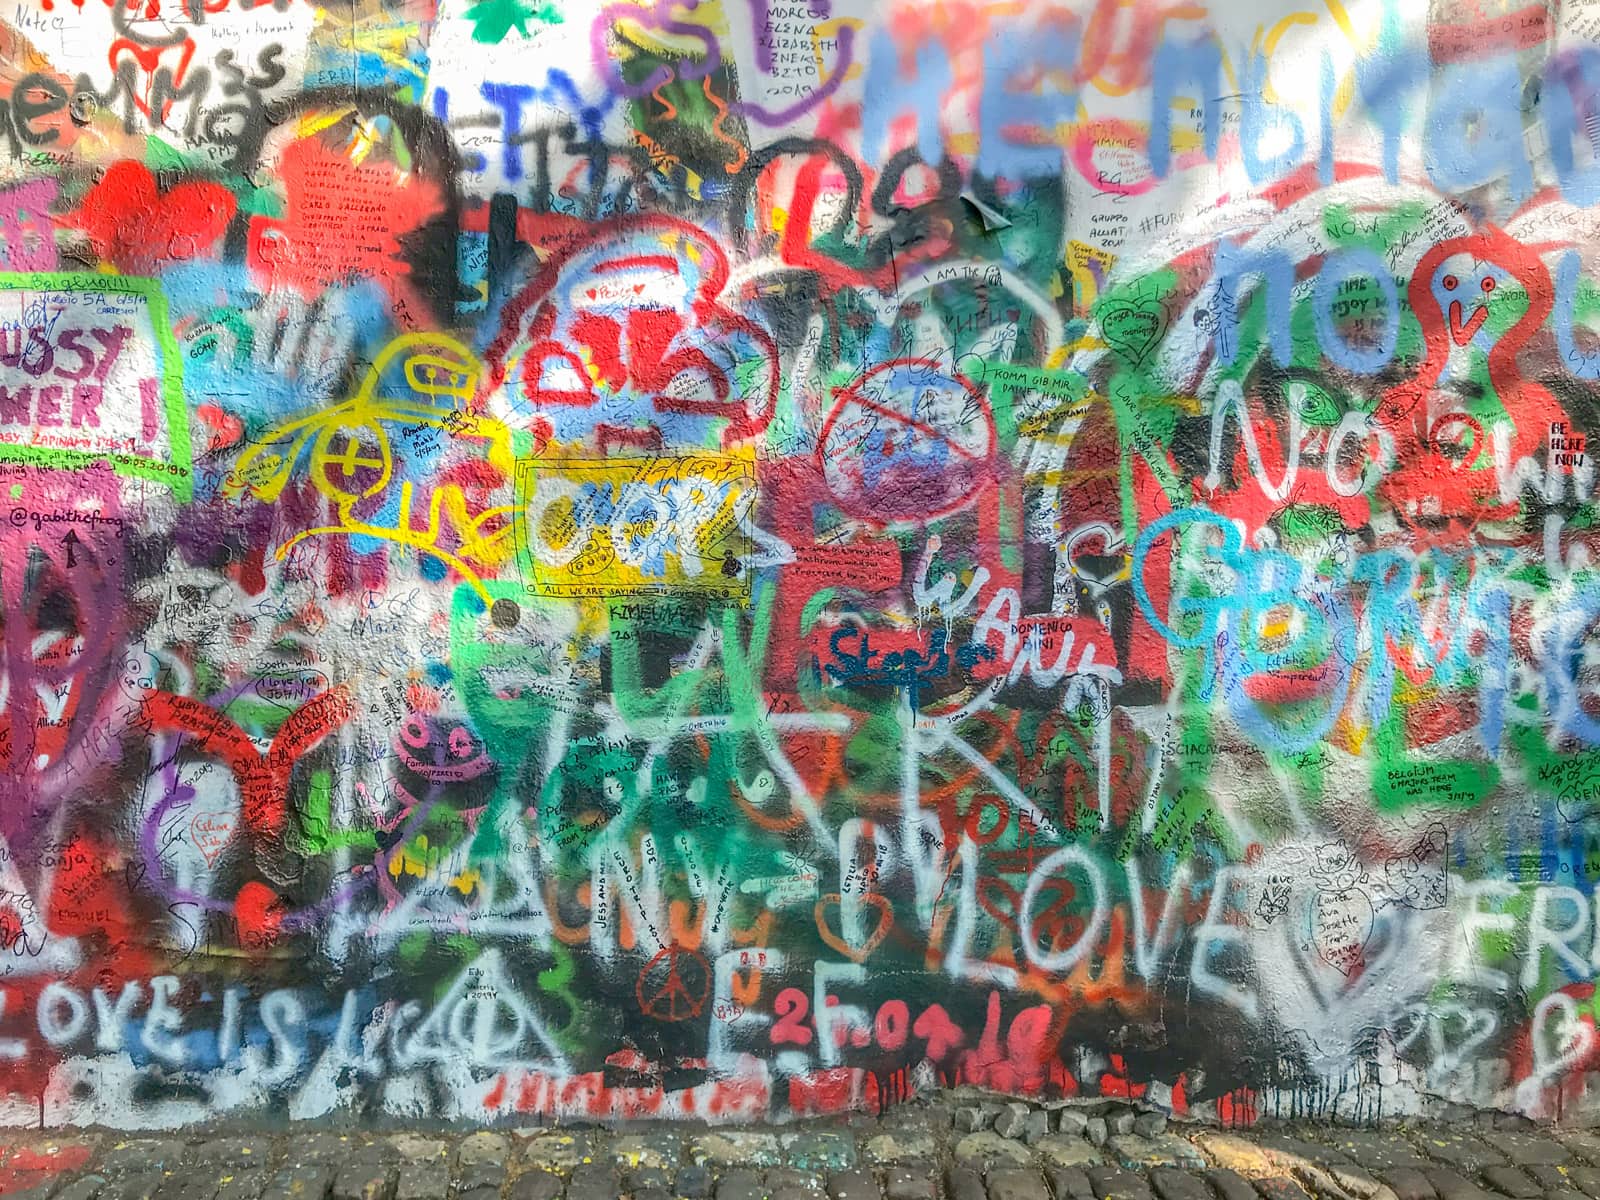 A wall covered in colourful graffiti
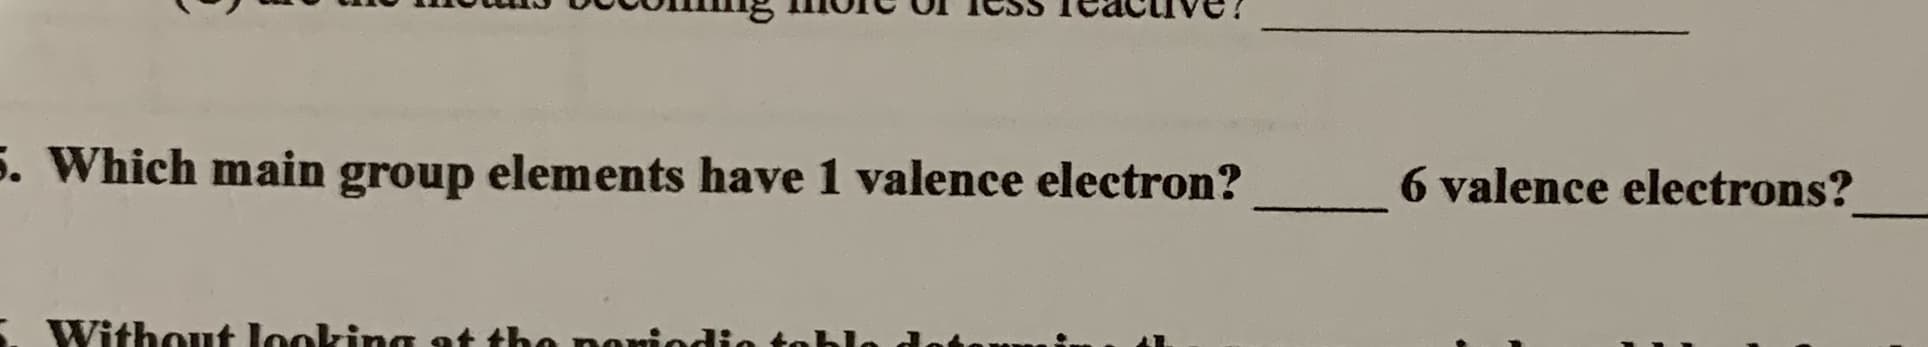 ess
Ieactive!
. Which main group elements have 1 valence electron?
6 valence electrons?
Without looking ot the nomic
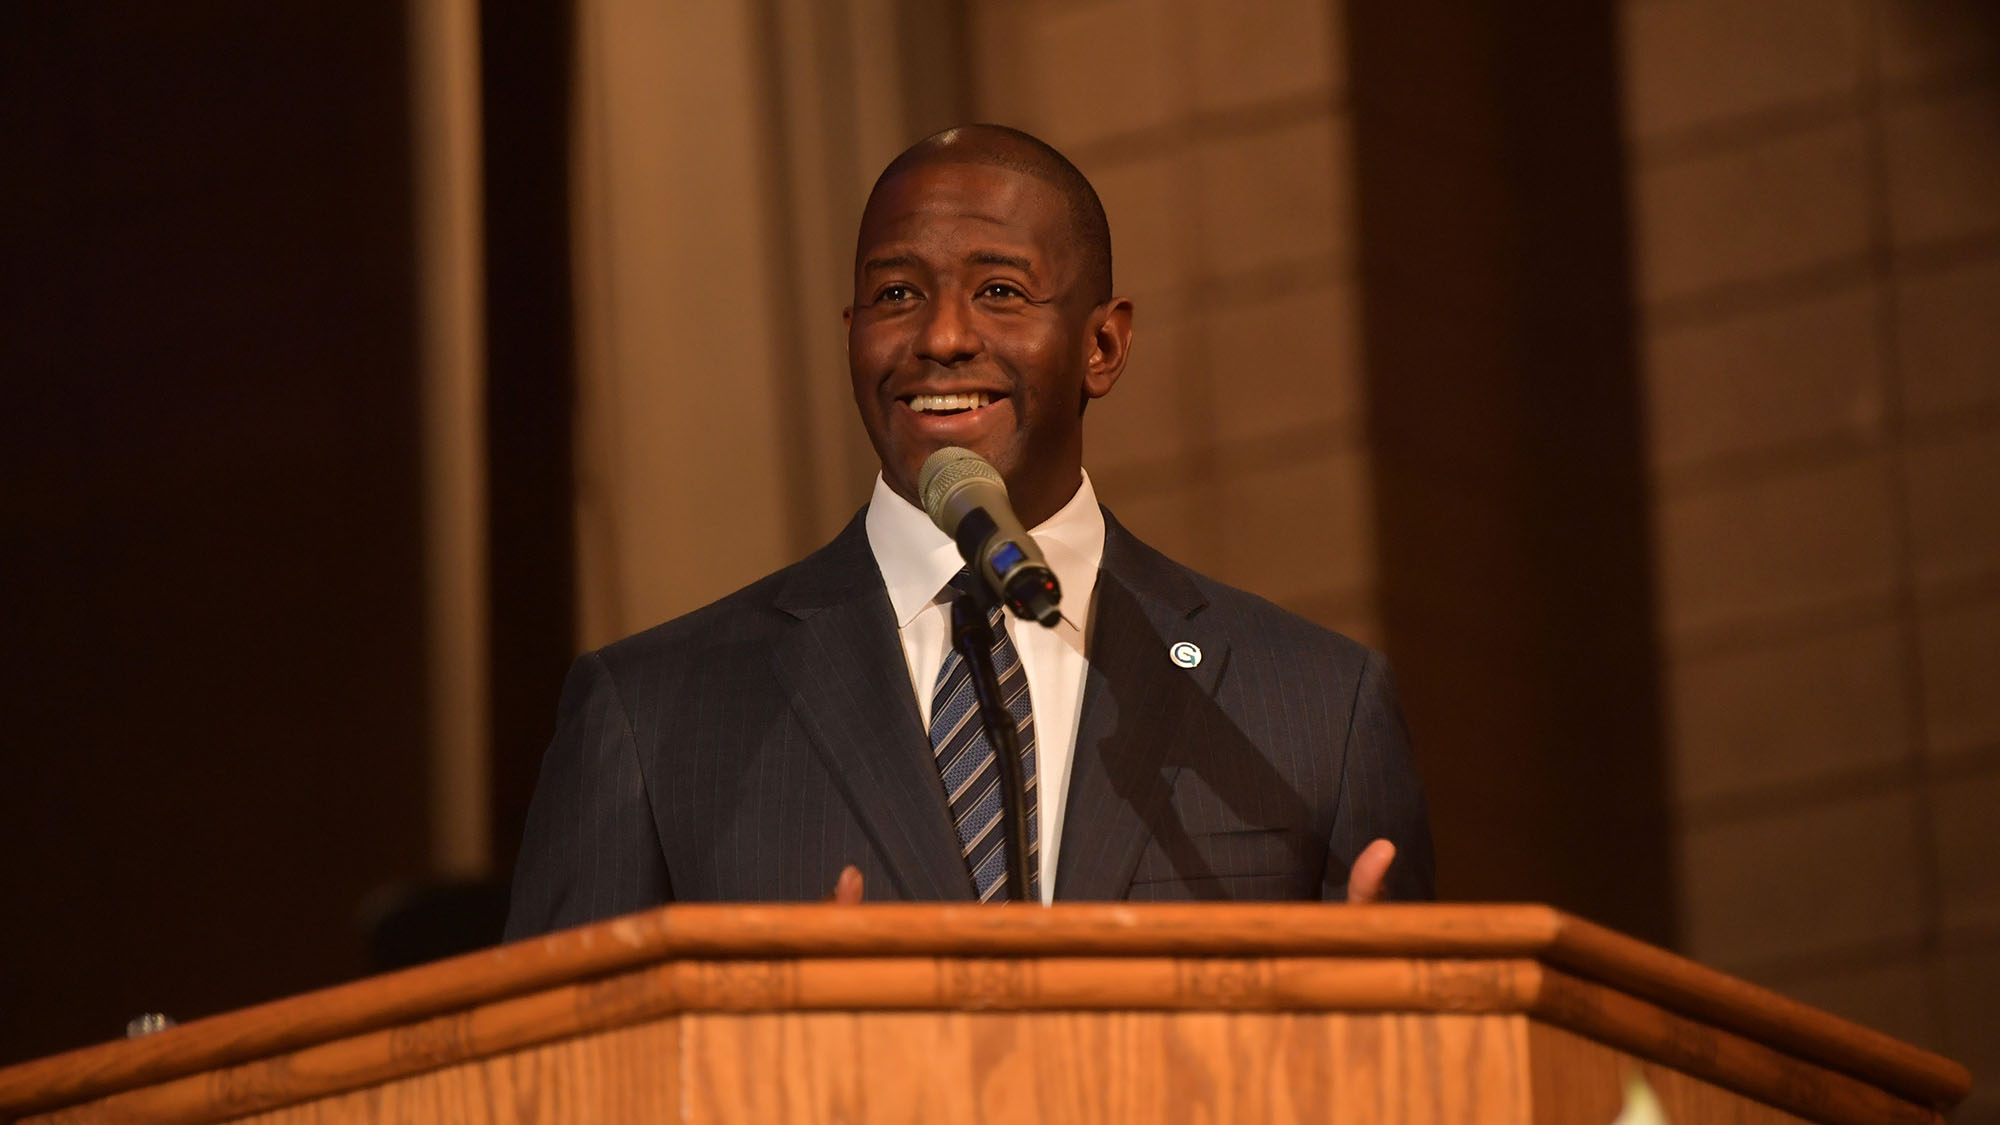 Gillum Rallies Supporters to Defend Voting Rights as Contentious

Work instruction >>
Show the lines of the data that hold the word "valence".

Answer to this task >>
. Which main group elements have 1 valence electron?
6 valence electrons?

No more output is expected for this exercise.